Mandi Walls: Yeah. Awesome. Excellent. That makes total sense. You mentioned the CNCF platform group and some other things there. We’ll put the links to those websites in the show notes and the maturity model and all that great stuff. Are there other places folks can be going to learn more?
Abby Bangser: On that thread, there’s going to be a co-located day at KubeCon in Paris in March. That’s going to be fantastic. We’ve had the highest number of submissions for a first time co-located day ever with 225. So it’s going to be a really exciting day with a lot of energy around it. So if you’re in Paris for CubeCon, please come to that. Other communities, there are a lot of kind of communities, but a lot of them are built around tools right now. So I don’t know if I have any strong recommendations that are as tool agnostic as the CNCF group. That doesn’t mean you shouldn’t be investigating the tool communities because they bring with them a lot of information and a lot of opportunity. But yeah, not really any other kind of agnostic ones to look into.
Mandi Walls: And where can folks find you online? Where are you living these days?
Abby Bangser: I’m all over. I’m on all the socials, so LinkedIn, Blue Sky, Twitter, Macedon, and I mentioned the CNCS Slack. If you’re in there, that’s a really great place to get ahold of me and have a bit of a chat about your experiences with platform engineering because I’d love to hear them.

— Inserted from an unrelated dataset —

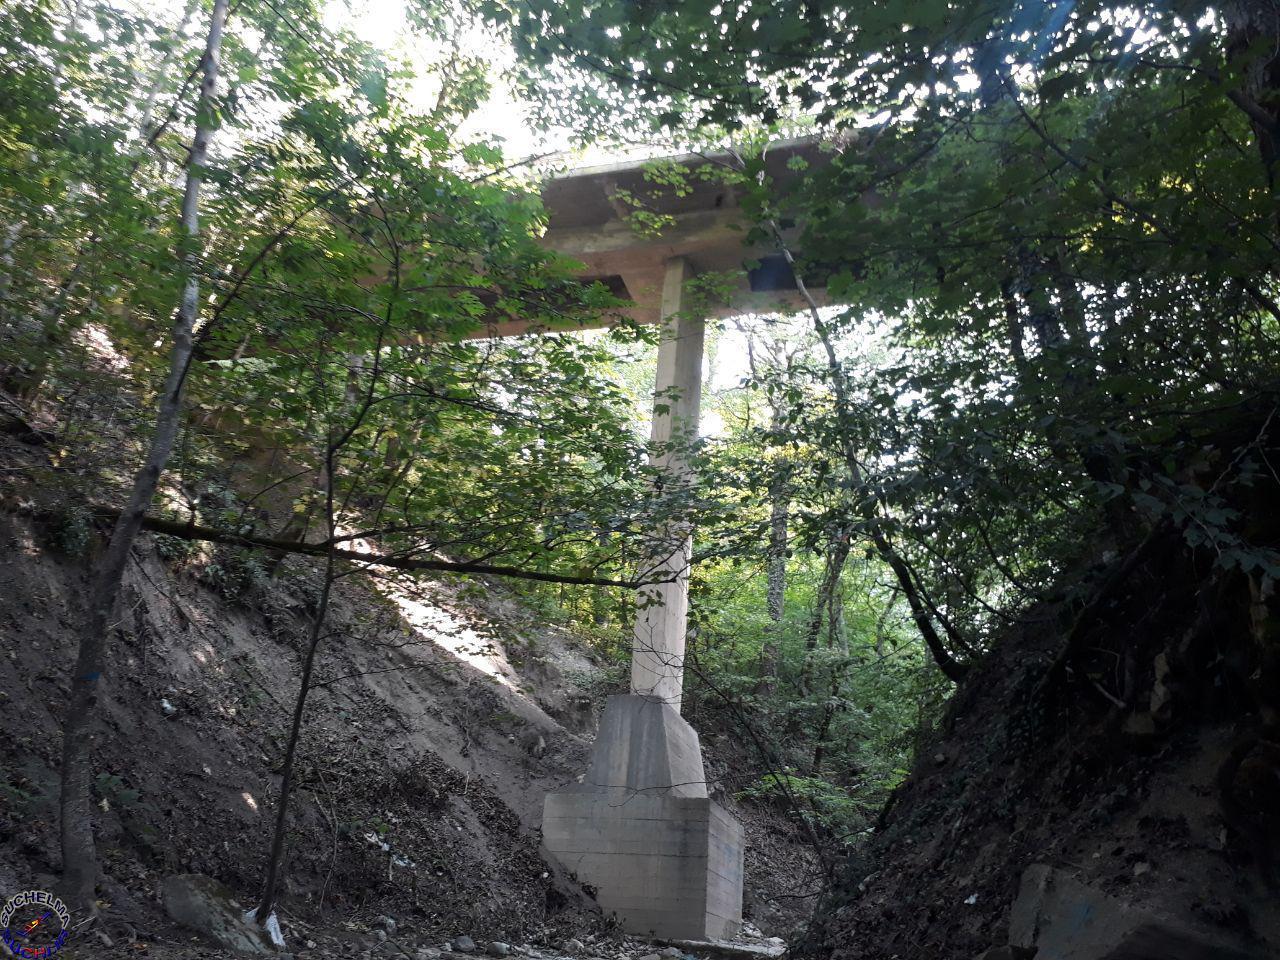 پل روگذر سی متری سوچلما

Mandi Walls: Awesome. And we want to hear from folks out there too. If you’re interested in this, give us a shout. Yeah, this has been great. I’ve learned a lot. I hope our audience has learned a bunch as well. It’s been great having you on. Thanks for coming to the show.
Abby Bangser: Thanks for having me.
Mandi Walls: Awesome. For everyone else out there, we’ll wish you an uneventful day. We’ll be back again in a couple of weeks. That does it for another installment of Page It to the Limit. We’d like to thank our sponsor, PagerDuty, for making this podcast possible. Remember to subscribe to this podcast if you like what you’ve heard. You can find our show notes at pageittothelimit.com and you can reach us on Twitter @Pageittothelimit using the number two. Thank you so much for joining us and remember, uneventful days are beautiful days.
Abby is a Principal Engineer at Syntasso delivering Kratix, an open-source cloud-native framework for building internal platforms on Kubernetes. Her keen interest in supporting internal development comes from over a decade of experience in consulting and product delivery roles across platform, site reliability, and quality engineering.
Abby is an international keynote speaker, Team Topologies Advocate, and co-host of the #CoffeeOps London meetup. Outside of work, Abby spoils her pup Zino and enjoys playing team sports.
Mandi Walls is a DevOps Advocate at PagerDuty. For PagerDuty, she helps organizations along their IT Modernization journey. Prior to PagerDuty, she worked at Chef Software and AOL. She is an international speaker on DevOps topics and the author of the whitepaper “Building A DevOps Culture”, published by O’Reilly.